All Rights Reserved.

A background from the animated Corto Maltese. © Ellipse Programme/Imedia/ConG. All Rights Reserved.

It was a job to be approached with both trepidation and glee: the feature animation adaptation of the "classic" and often confusing graphic novel The Ballad Of The Salt Sea by the legendary Hugo Pratt. With a cult following to please on one hand, and a television audience on the other, how would they strike a balance between the popular, and fidelity to the original? They sacked the first group of writers. Then a funny thing happened: they began studying the story and graphics...

Is a French production team breaking all the rules while adapting the graphic novels of Hugo Pratt?

All Hail the Master
First appearing in 1967, The Ballad Of The Salt Sea is a graphic novel about the adventures of a rakish and ethically challenged adventurer, Corto Maltese, a "gentleman of fortune" in an era no longer accommodating to such roles. A member of a band of pirates nominally allied with the Germans in the South Pacific in 1913, Corto becomes interested in the welfare of two kidnapped British children. As the shifting interests of governments at war half a world away begin to make themselves known at their well-hidden pirate base, he must find a way to keep the children safe and himself alive.

Let's be up-front about it: it's a weird, arcane, and complicated work, like a Joseph Conrad novel in graphic form.

For precisely that reason, the author of the serial, Hugo Pratt, has become a cult figure unto himself. Going with his father to Ethiopia in 1937, during the Italian attempt to establish a colony there, he was enrolled in the Italian police force. During the war years, he was captured by the SS as a spy, escaped, and went over to the Allies. Pratt's graphic novels are sometimes seen as extensions of his adventurous life. They are unusual for their intellectual underpinning, often confusing plots, historical figures, complicated characters, and carefully researched, exotic locations. Heir to the Belgian School of graphic novelists, his full-color painted images are a beauty to behold. They have earned him a die-hard following in Italy and France, with over five million copies sold.

Ellipse, a production wing of the French broadcaster Canal Plus, hopes to turn the Corto Maltese books into a series of six TV movies, beginning with the Ballad Of The Salt Sea. Still to come are: Under The Sign Of Capricorn, Corto Maltese In Siberia, The Gilded House Of Samarkand, and The Celts. Additionally, there will be a series of short episodes based on some of the other Corto Maltese adventures. Italian TV station RAI and the Animation Band in Milan, Italy will be co-producing some of the segments. It's a fitting match for the Italian author and artist who spent most of his working life in France. Scripting on The Ballad Of The Salt Sea has been going on for a year, and they are now in the storyboard stage, with the first film expected out in the fall of 1999. It hasn't been easy, though.

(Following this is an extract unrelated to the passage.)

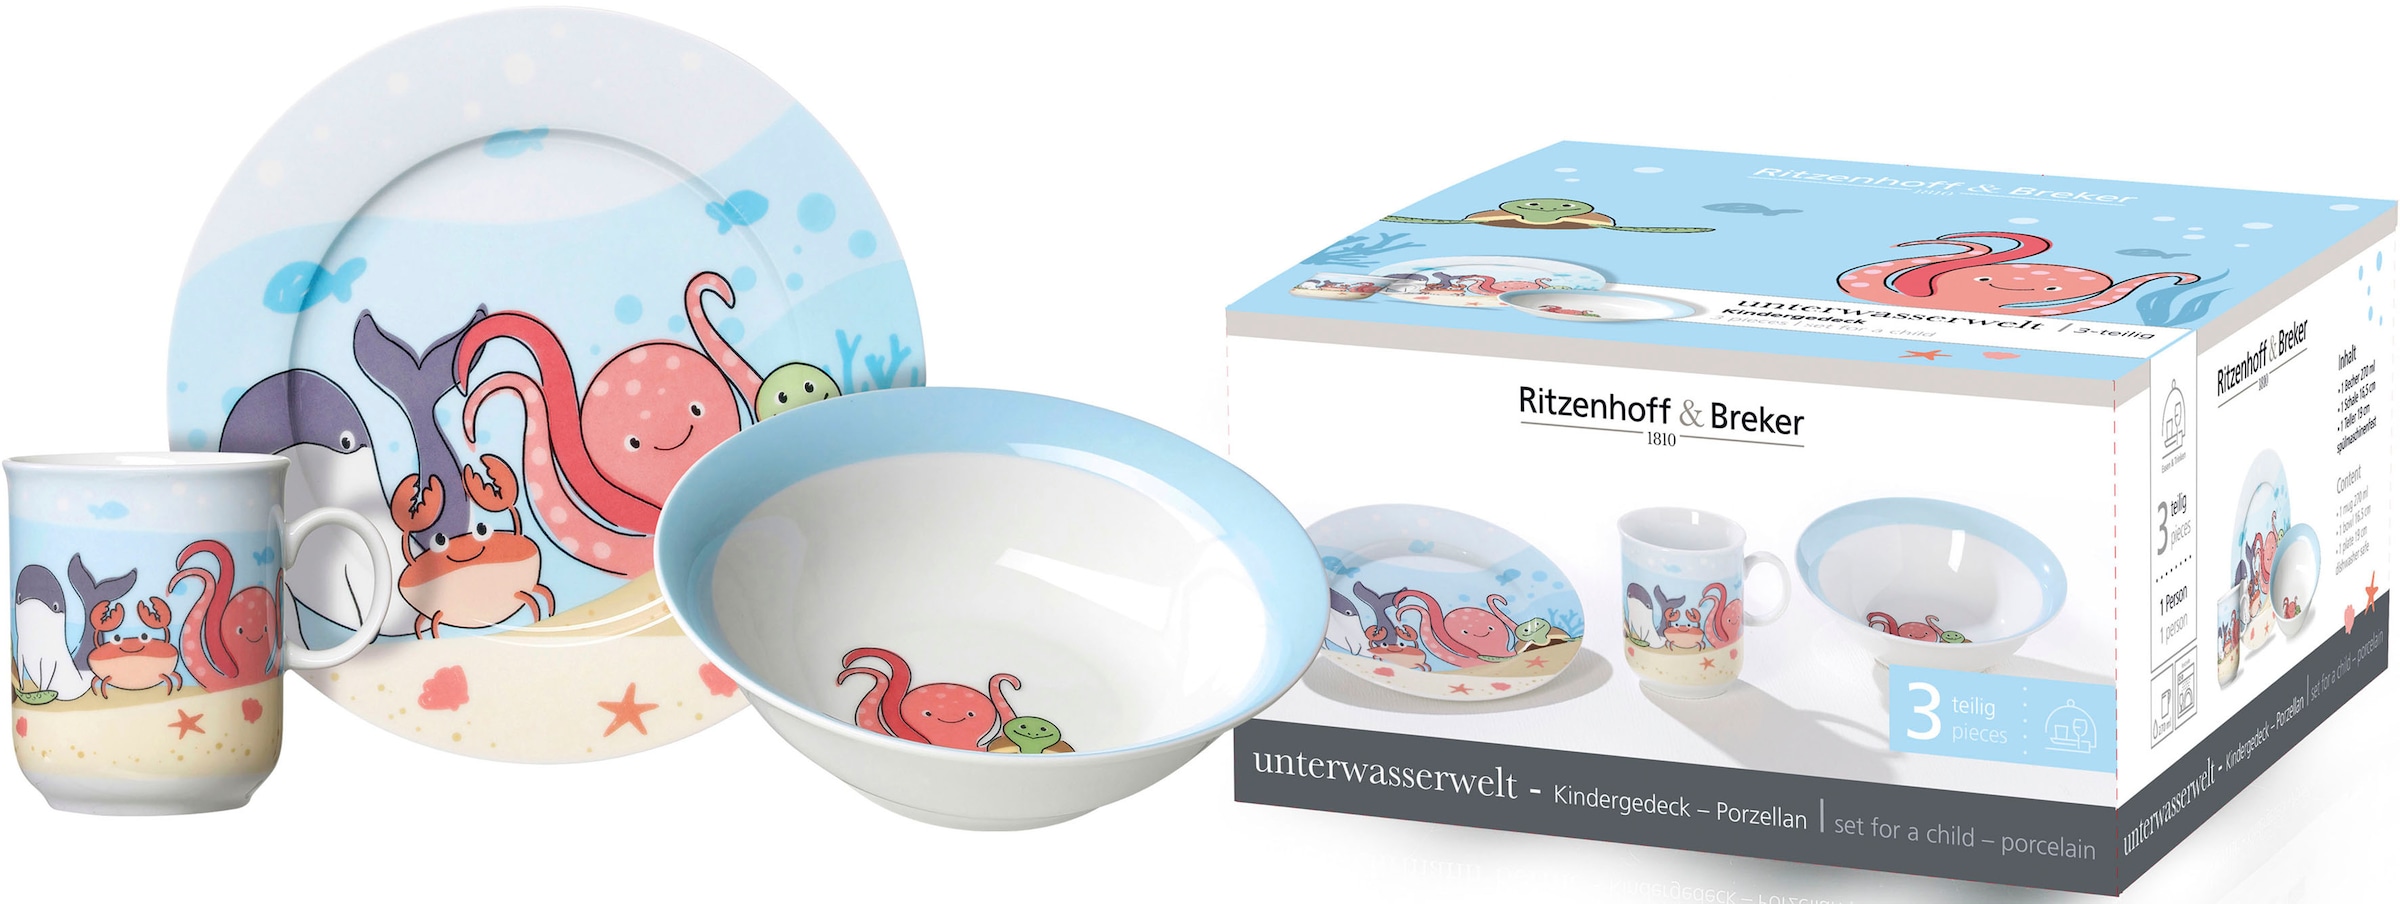 Ritzenhoff & Breker Kindergeschirr-Set »Unterwasserwelt«, (Set, 3 tlg.), im dekorativen Geschenkkarton

To Europeans weaned on the adventure-driven comic book series, a film adaptation is the pop equivalent of doing Shakespeare in London--it had better be good. Conventional wisdom says that pleasing the cult and pleasing the public at large might be two different tasks, however, the films must sustain the larger audience for the duration of the ambitious project.

One of the many faces of Corto Maltese. © Ellipse Programme/Imedia/ConG. All Rights Reserved.

Give the Children What They Want?
Producer Sophie Glass' credentials have brought her a unique insight. When working for Alia, she produced an animation series based on the classic children's books Les Malheurs De Sophie by the Contesse de Segur. "It was a very psychological series about a girl who has trouble being a child." The adaptation of this classic material led her to shun condescending to children. "Children love being sad," she points out, though is quick to add that no one really knows what kids want.

Pascal Morelli agrees, and points to the adaptation of the popular French comic Asterix as a model for everything that could go wrong. Despite the untranslated Latin quotes, sophisticated social satire and plays on words, "The adapters felt the need to reduce Asterix to a level he had never sunk to: that of a four-year-old child... The adapters took Asterix for the Smurfs. We must remember that for decades, it was claimed that comic books, and animated films, could only tell simple stories."

With this in mind, they set out to aim the project for teens and adults.

What's a Camel?
"What's a camel?" asked executive producer of the project, Robert Rea, with a self-effacing smile. "It's a horse designed by executive producers."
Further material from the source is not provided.